The National Institute of Diabetes and Digestive and Kidney Diseases (NIDDK) dataset is a collection of data from a study conducted between 1989 and 1998, known as the Diabetes Prevention Program (DPP). The DPP was a randomized controlled trial aimed at evaluating the effectiveness of lifestyle changes and the diabetes drug metformin in preventing or delaying the onset of type 2 diabetes in individuals at high risk for the disease. The dataset contains information on over 3,000 participants, including demographic information, medical history, and results from various tests such as glucose tolerance tests, fasting blood glucose tests, and insulin tests. It also includes information on lifestyle factors such as physical activity and diet.

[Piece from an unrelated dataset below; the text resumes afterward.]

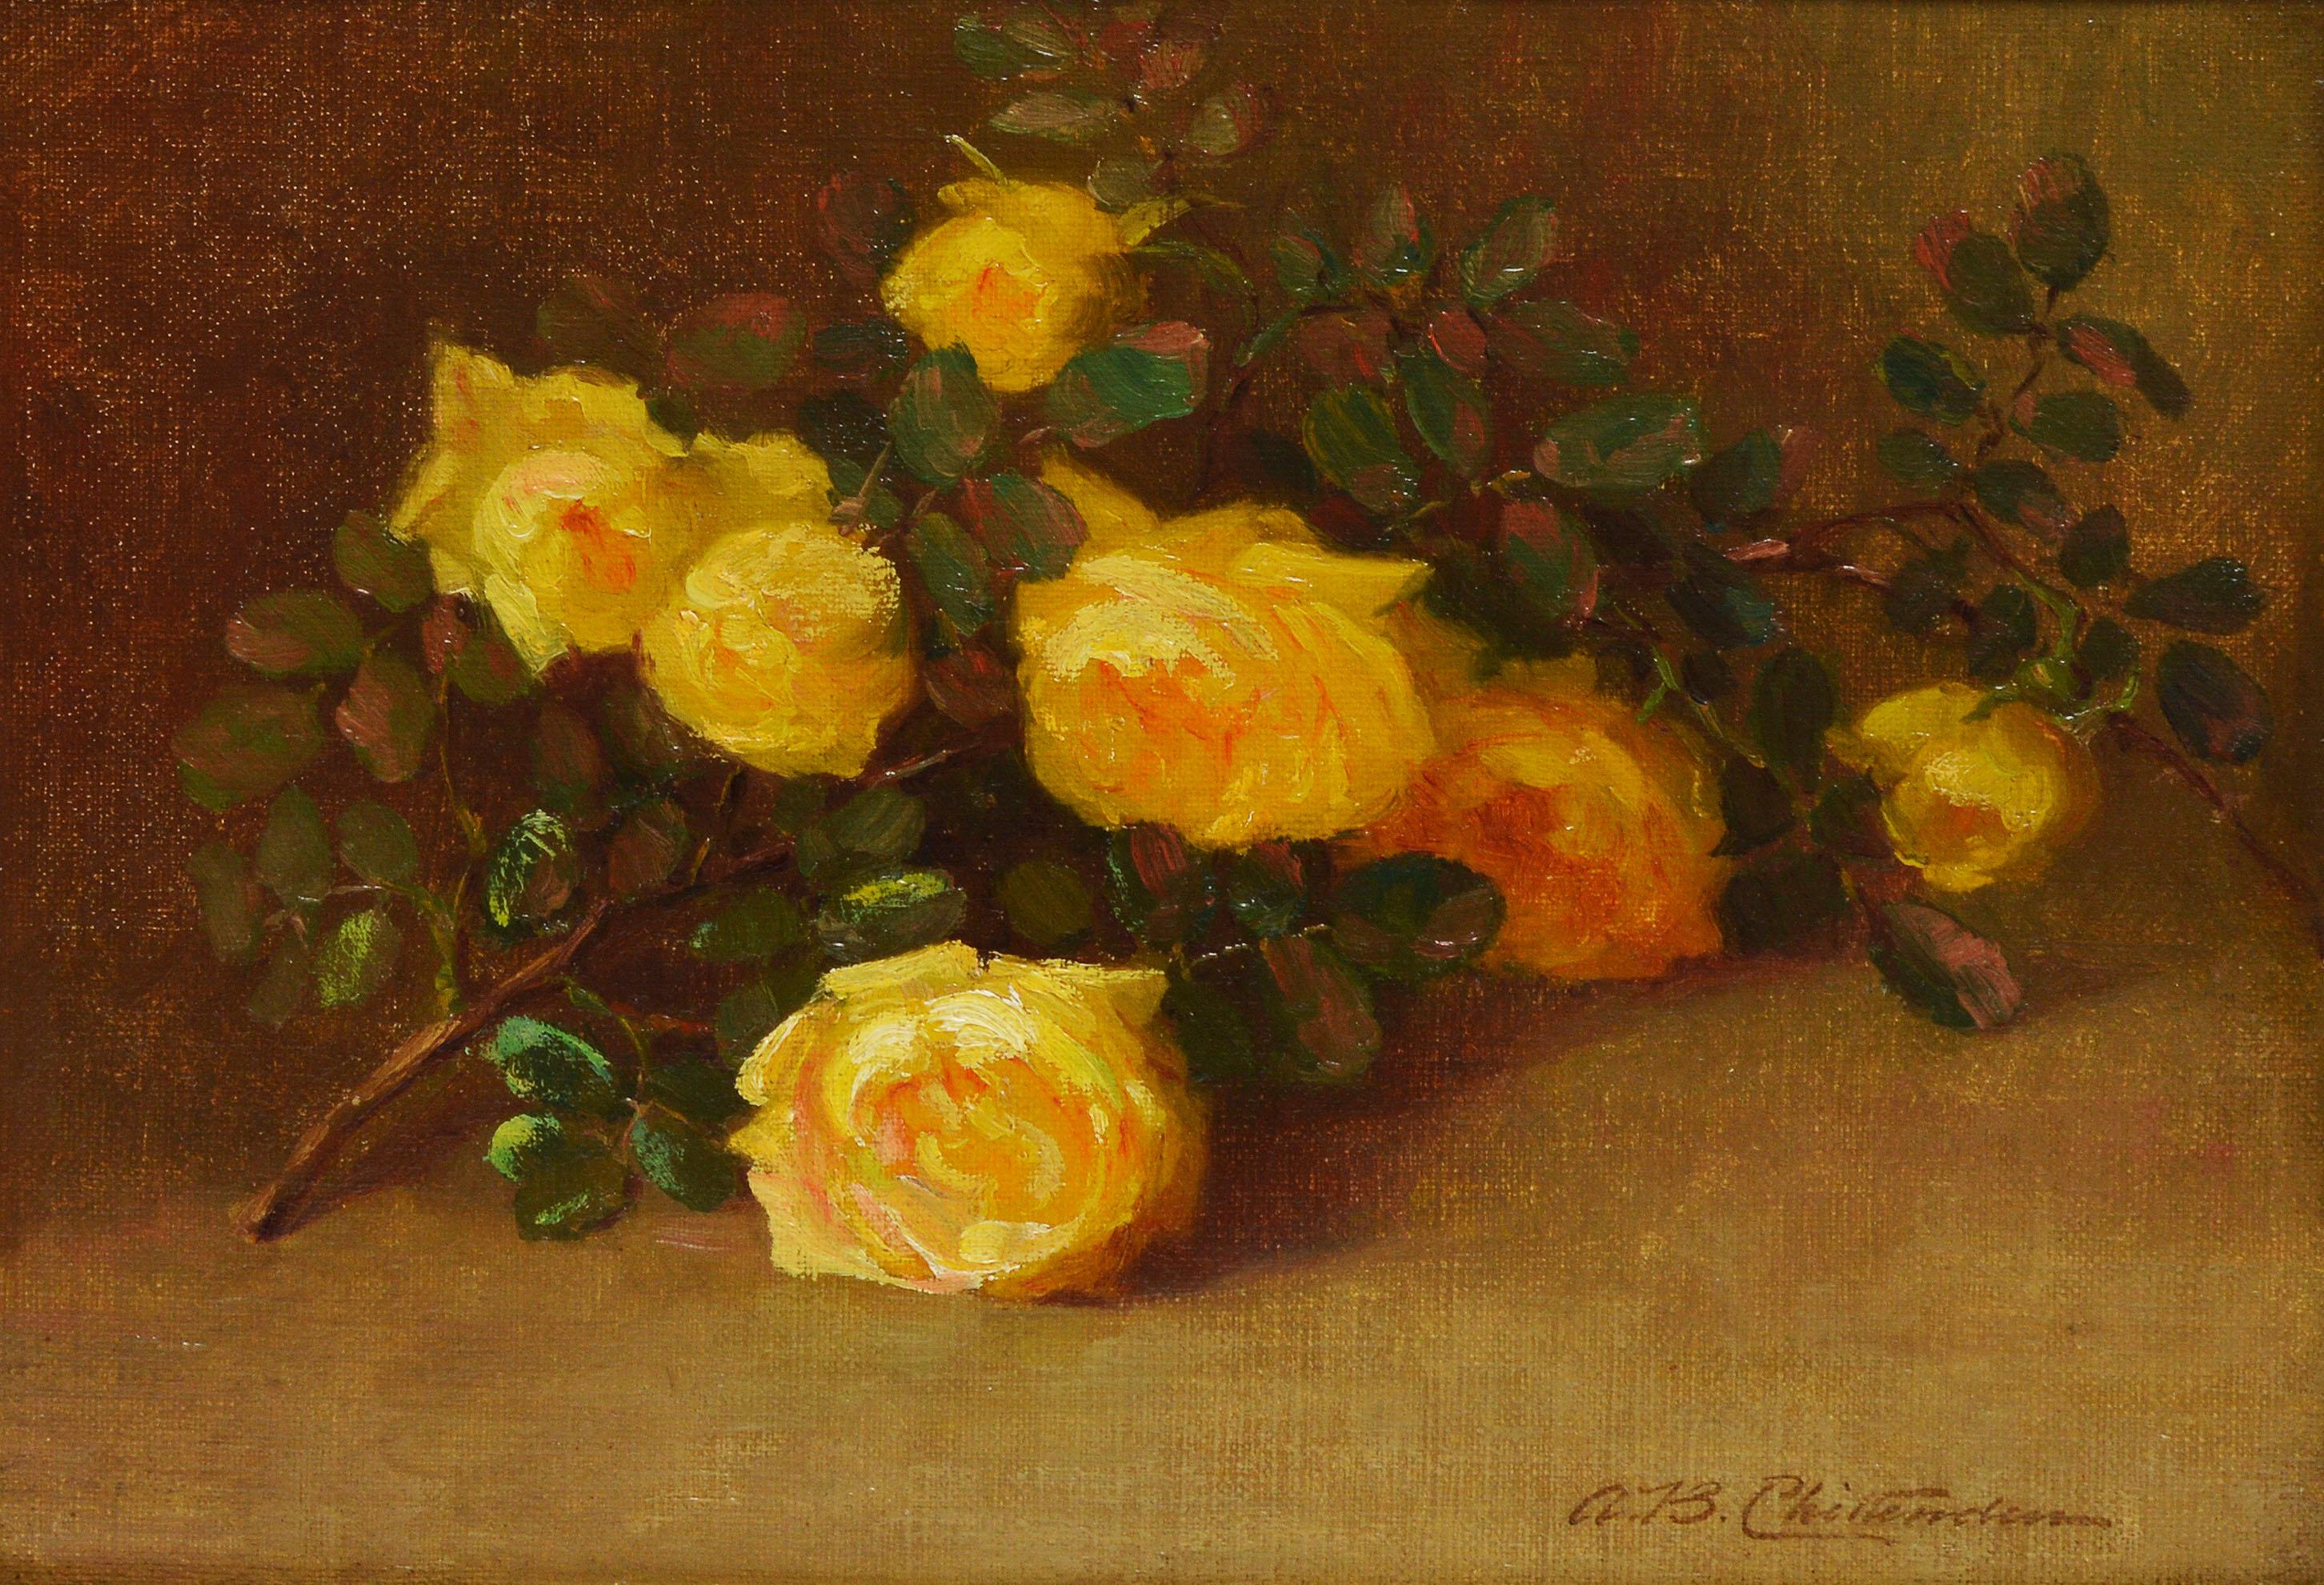 Impressionist view of yellow roses by Alice Brown Chittenden  (1859 - 1944).  Oil on board, circa 1900.  Signed lower right.  Displayed in a giltwood frame.  Image size, 14

Features: The dataset contains the following features:

Pregnancies: Number of times pregnant

Glucose: Plasma glucose concentration a 2 hours in an oral glucose tolerance test

BloodPressure: Diastolic blood pressure (mm Hg)

SkinThickness: Triceps skin fold thickness (mm)

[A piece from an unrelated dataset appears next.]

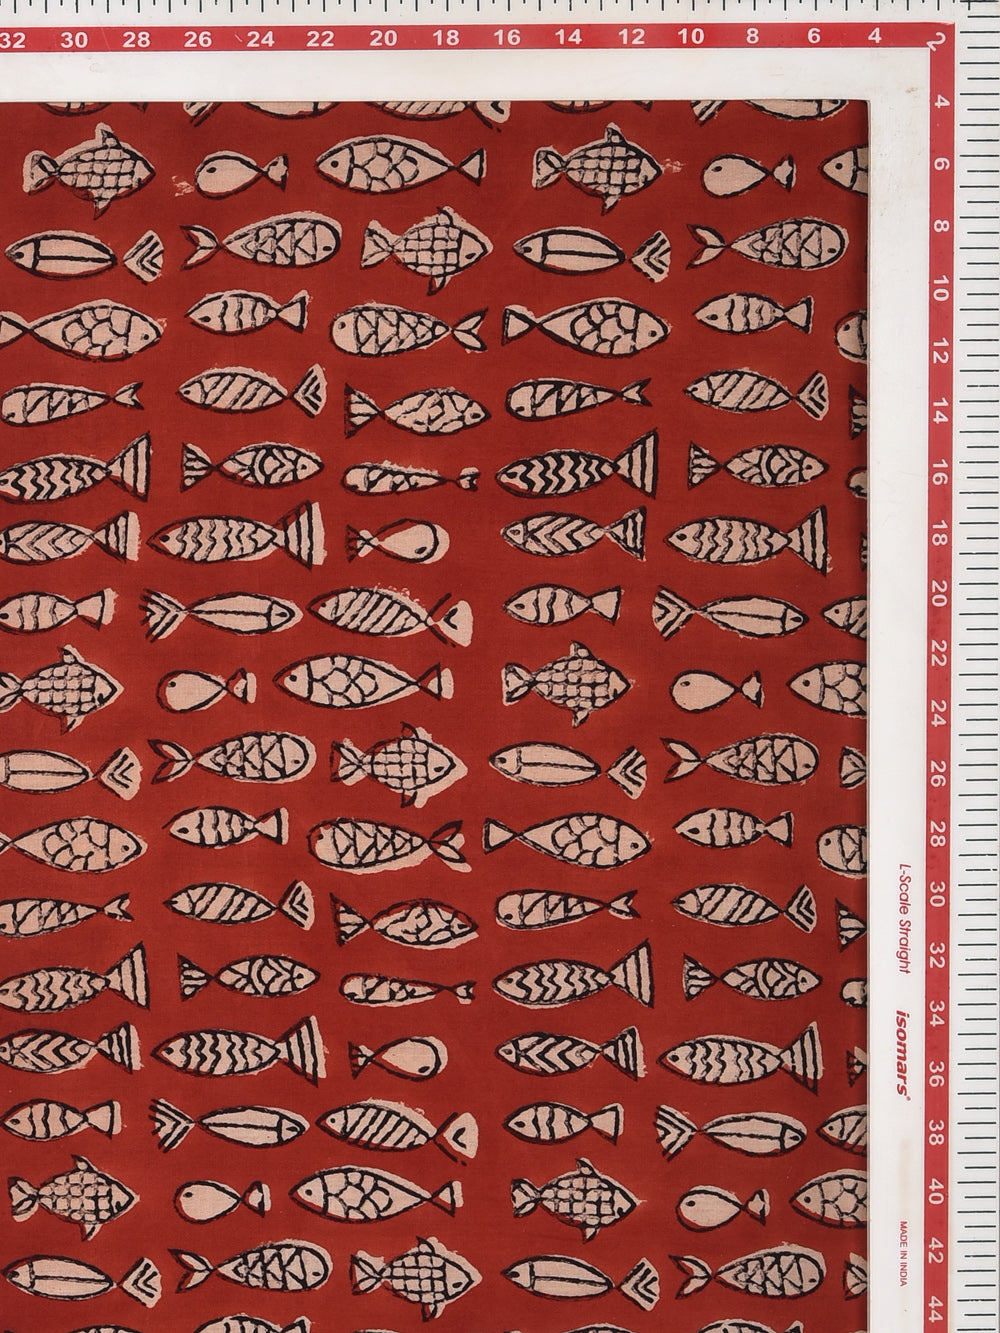 Red Bagru Natural Colour Matsya Fish with Black outline Animal Pattern Cotton Cambric Fabric

Insulin: 2-Hour serum insulin (mu U/ml)

BMI: Body mass index (weight in kg/(height in m)^2)

DiabetesPedigreeFunction: Diabetes pedigree function (a function which scores the likelihood of diabetes based on family history)

Age: Age in years

In this project, the data is processed by loading the dataset from a CSV file using the Pandas library, and checking for missing values by examining the minimum values of each column with the describe() function. Then, missing values are replaced with np.nan using replace() function, and missing values are visualized using the ‘missingno’ library. Next, the K-nearest neighbors imputation algorithm is applied using the KNNImputer class from sklearn.impute module, and the outliers are identified and removed from the dataset. Data visualization is performed with various plots to understand the relationship between features and the target variable. Finally, the cleaned dataset is converted into a feature vector format with the VectorAssembler class and split into training and testing datasets with a ratio of 80:20 using the randomSplit() function from PySpark.

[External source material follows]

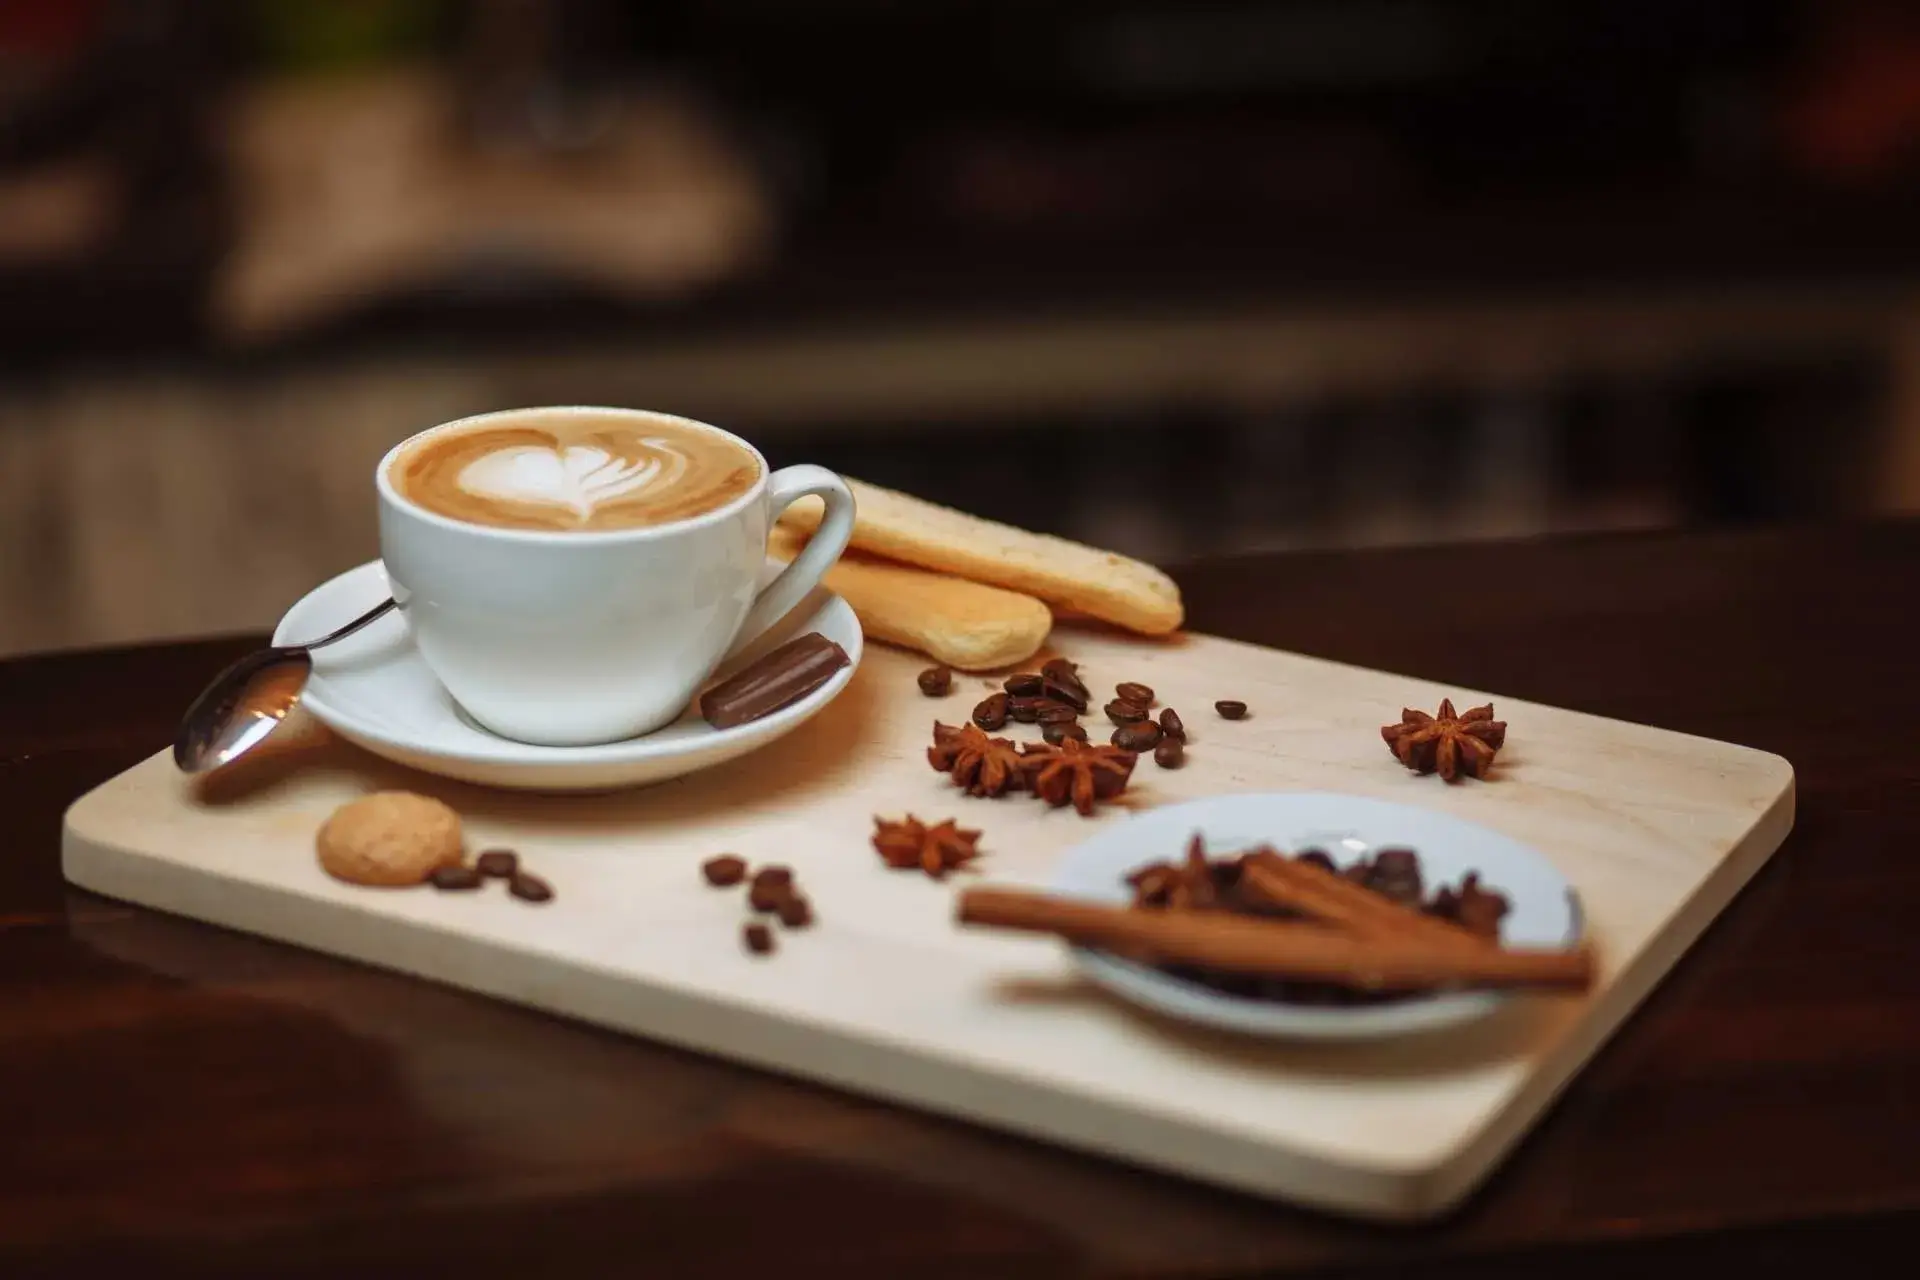 A cup of coffee and some cookies on a tray

METHODOLOGY AND IMPLEMENTATION

The workflow of our model is outlined below

Data Preparation:

The first step is to import the required libraries and the dataset, which is stored in a CSV file. The dataset is loaded into a pandas DataFrame for data manipulation and analysis. The code then checks for missing values and replaces 0 values with NULLS to make it easier to identify and handle missing data.

Missing Value Imputation:

The dataset has many missing values, particularly in the Glucose, Blood Pressure, skin thickness, Insulin, and BMI features. Since the dataset has a significant number of missing values, it is essential to handle them before proceeding. The missing values are imputed using the K-Nearest Neighbors (KNN) algorithm, which calculates the mean of the k nearest neighbors to fill in missing values. The KNN imputation is performed using the Scikit-learn library. After imputing missing values, the dataset is checked for outliers.

Outlier Removal:

The outliers are removed using boxplots to visualize the distribution of each feature. Any data point outside of the whiskers is considered an outlier and is removed from the dataset.

Data Visualization:

Data visualization is performed using various plots like heatmaps, scatter plots, and density plots to identify correlations between features and to better understand the data.

Feature Engineering:

The data is then converted into a format suitable for training a machine learning model. The data is transformed into a Spark DataFrame, and the features are assembled using the VectorAssembler method. This method combines all the feature columns into a single column that is fed into the machine-learning algorithm.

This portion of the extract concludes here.